══ Exercise data ══
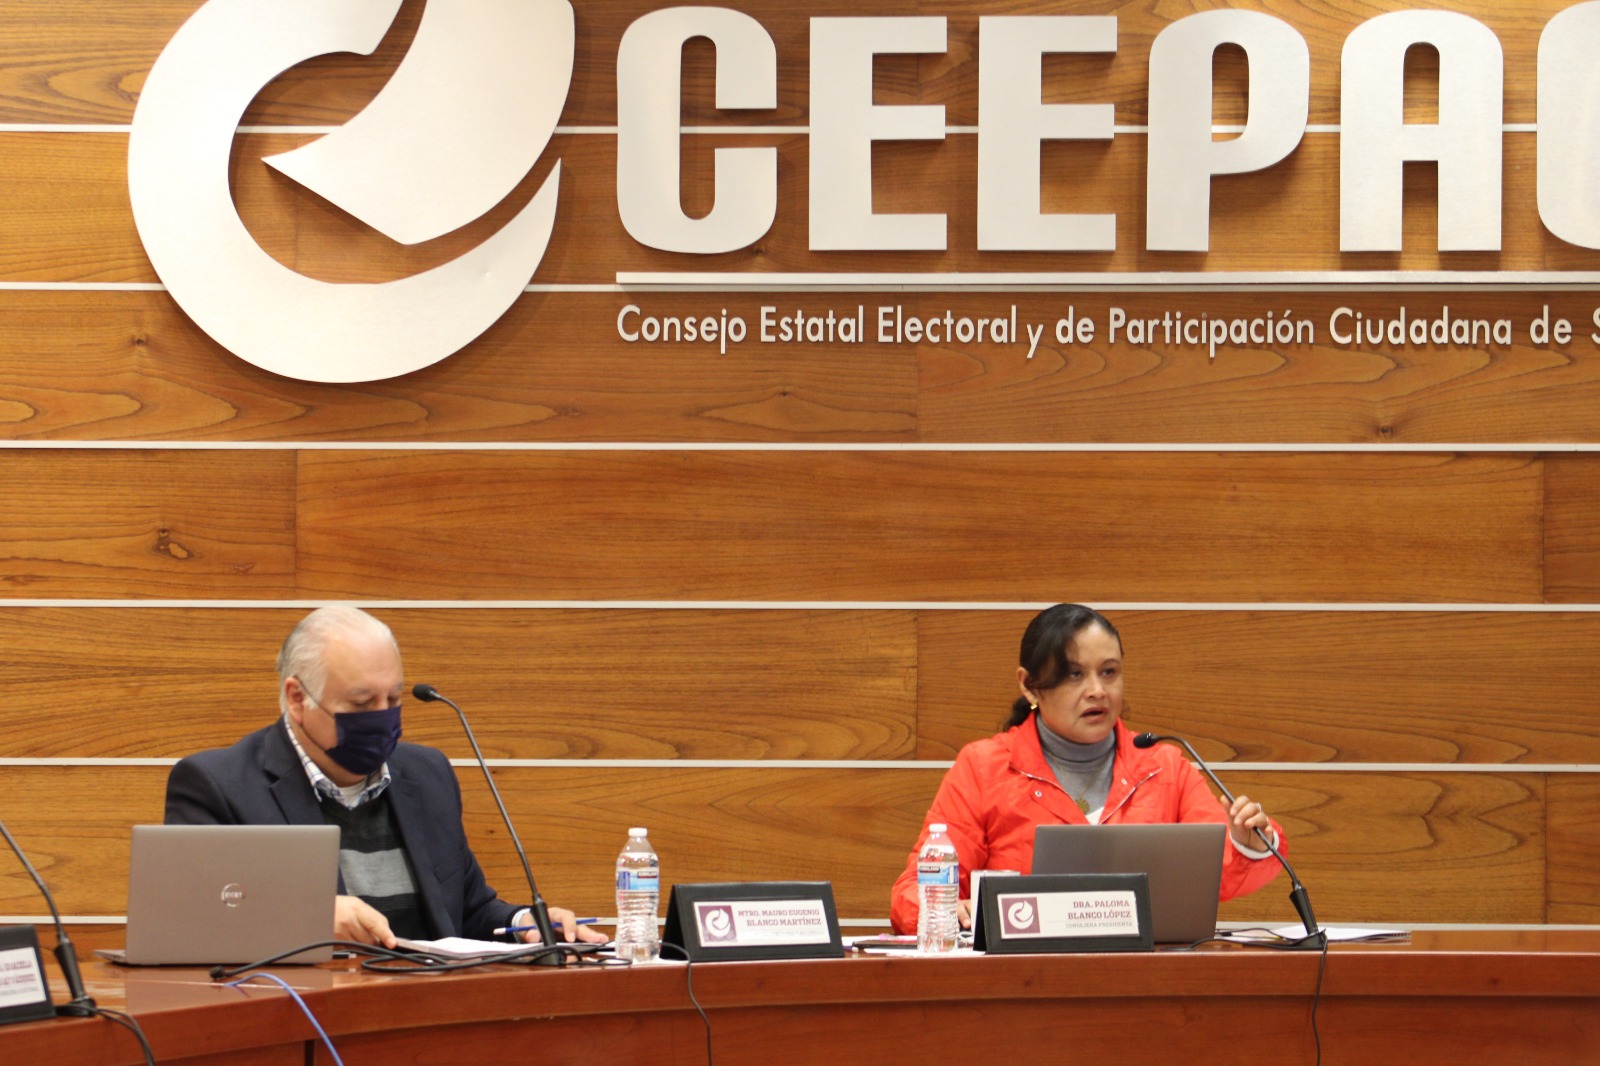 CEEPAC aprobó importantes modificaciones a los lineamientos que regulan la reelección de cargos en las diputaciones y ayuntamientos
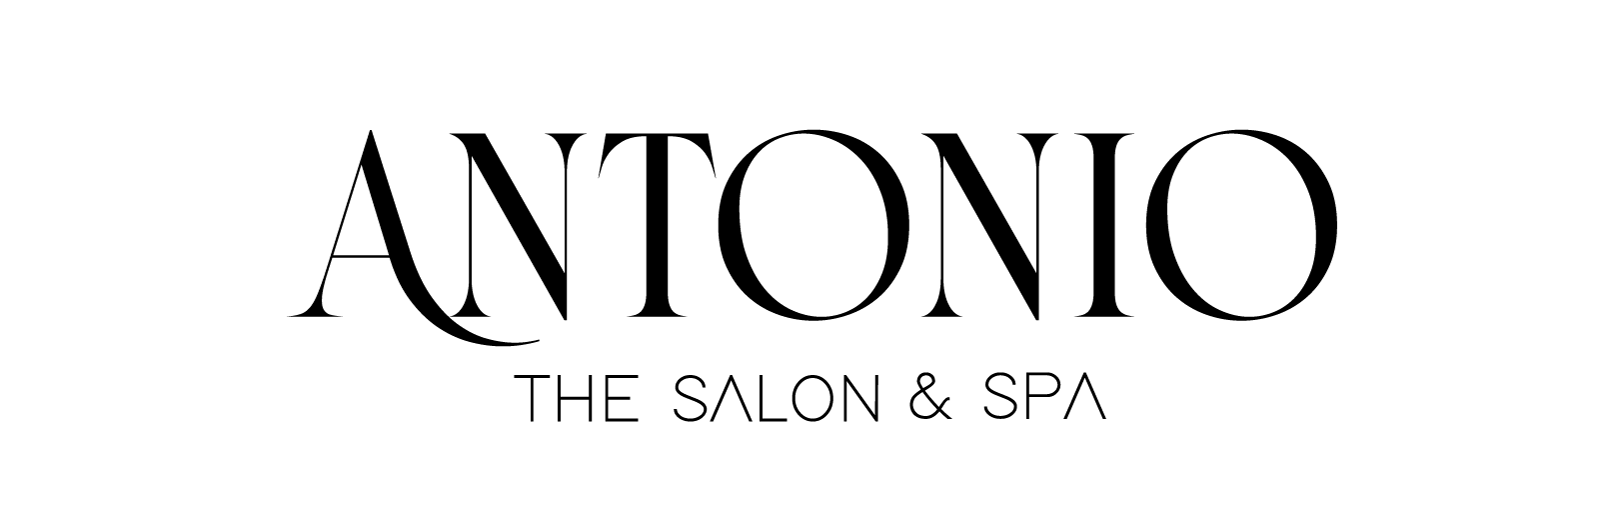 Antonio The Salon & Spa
═══
══ Exercise data ══
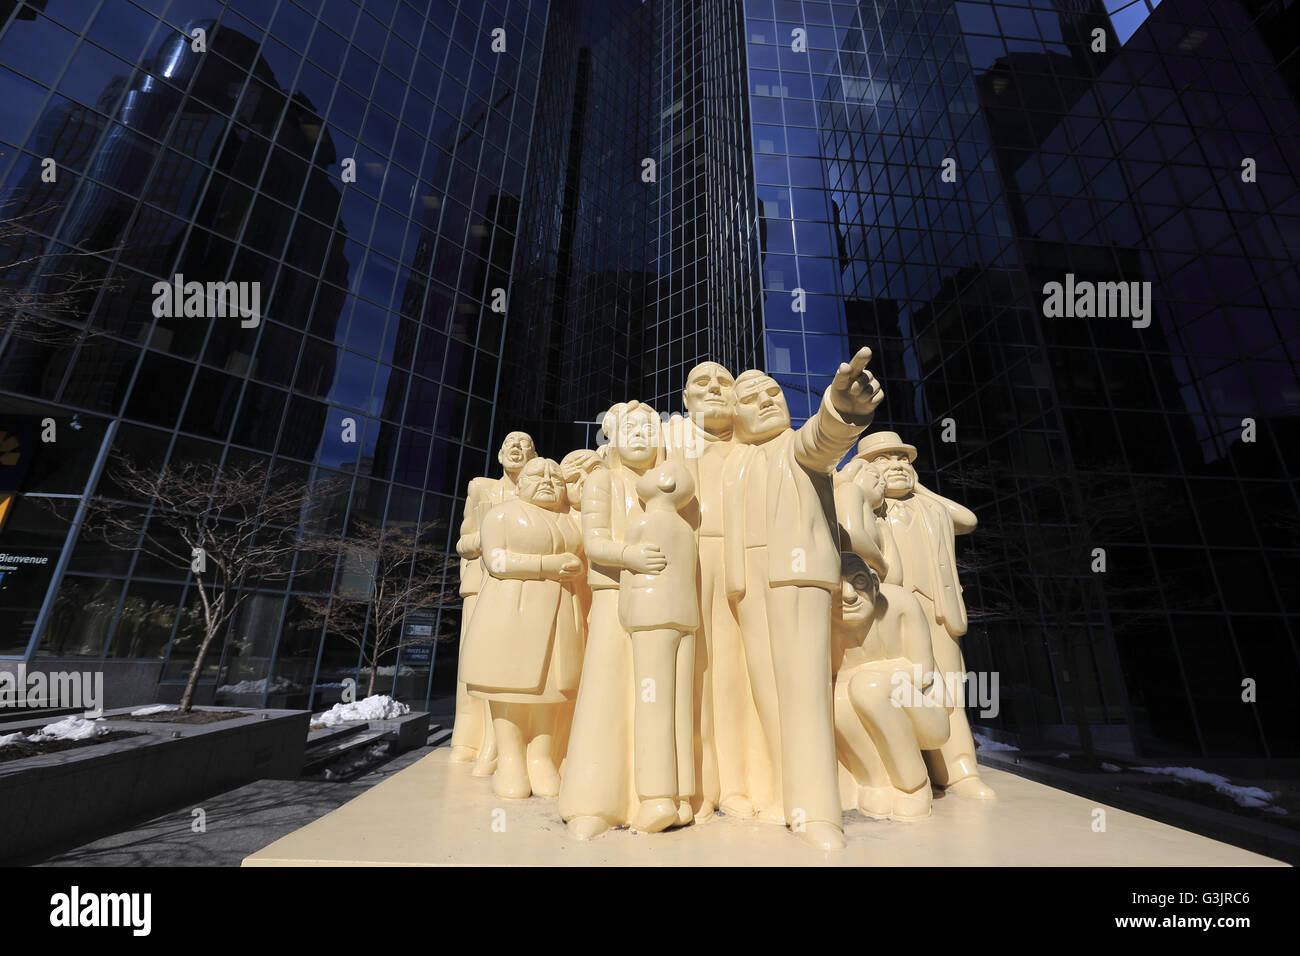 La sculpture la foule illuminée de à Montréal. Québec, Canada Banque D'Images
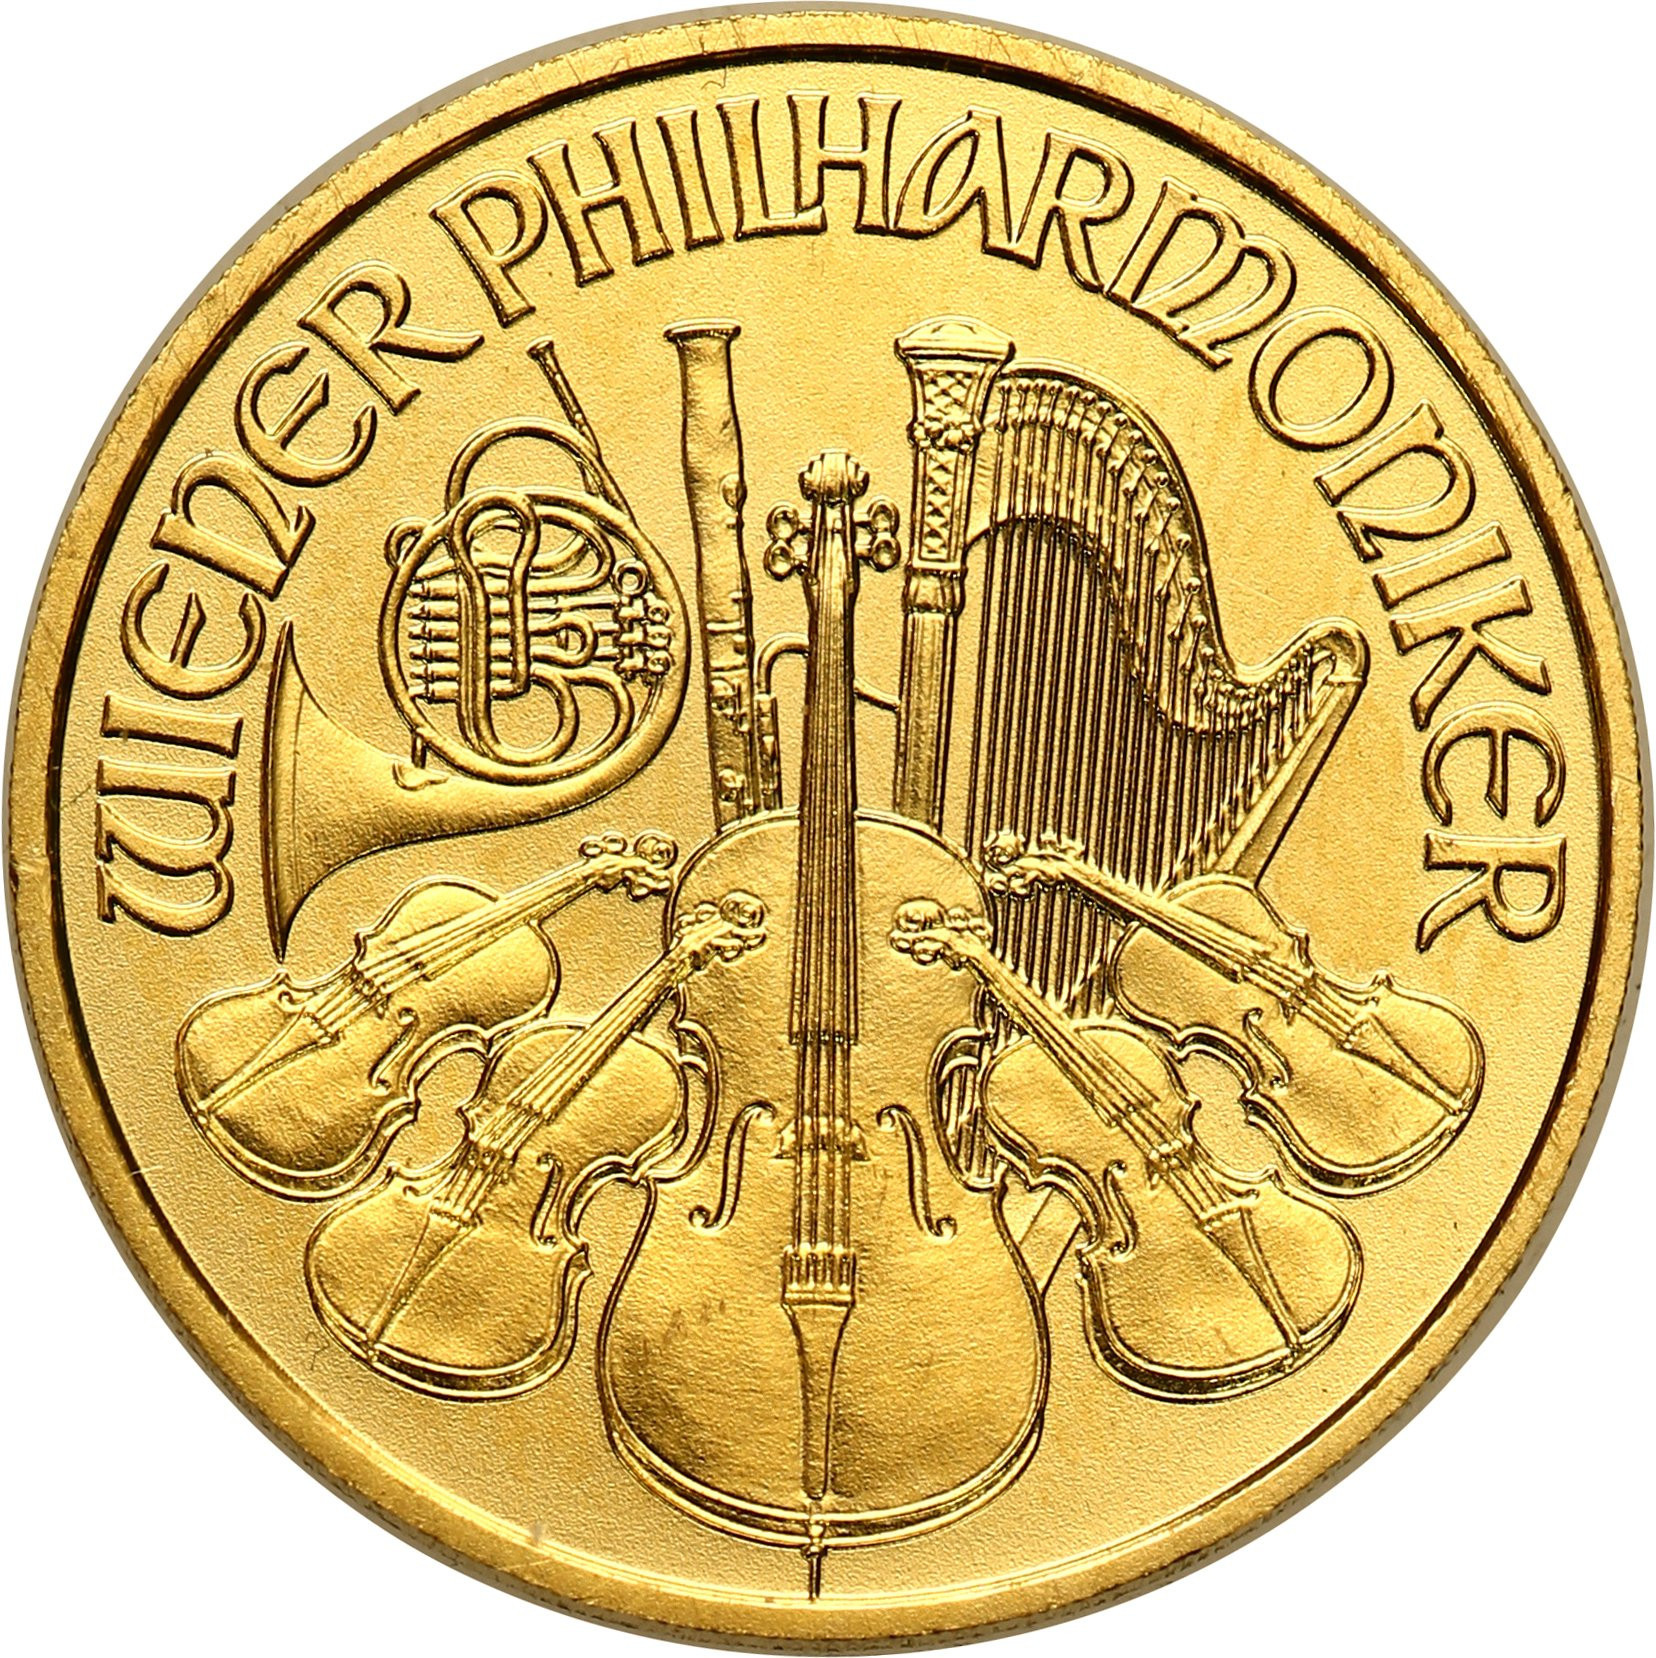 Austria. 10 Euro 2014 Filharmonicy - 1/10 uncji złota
═══
**Task item**
Given the entries above, transcribe exactly the lines from the one holding "CEEPAC aprobó importantes" through the one holding "Antonio The Salon & Spa"; pictures do not belong in the transcription.

**Task output**
 CEEPAC aprobó importantes modificaciones a los lineamientos que regulan la reelección de cargos en las diputaciones y ayuntamientos
 Antonio The Salon & Spa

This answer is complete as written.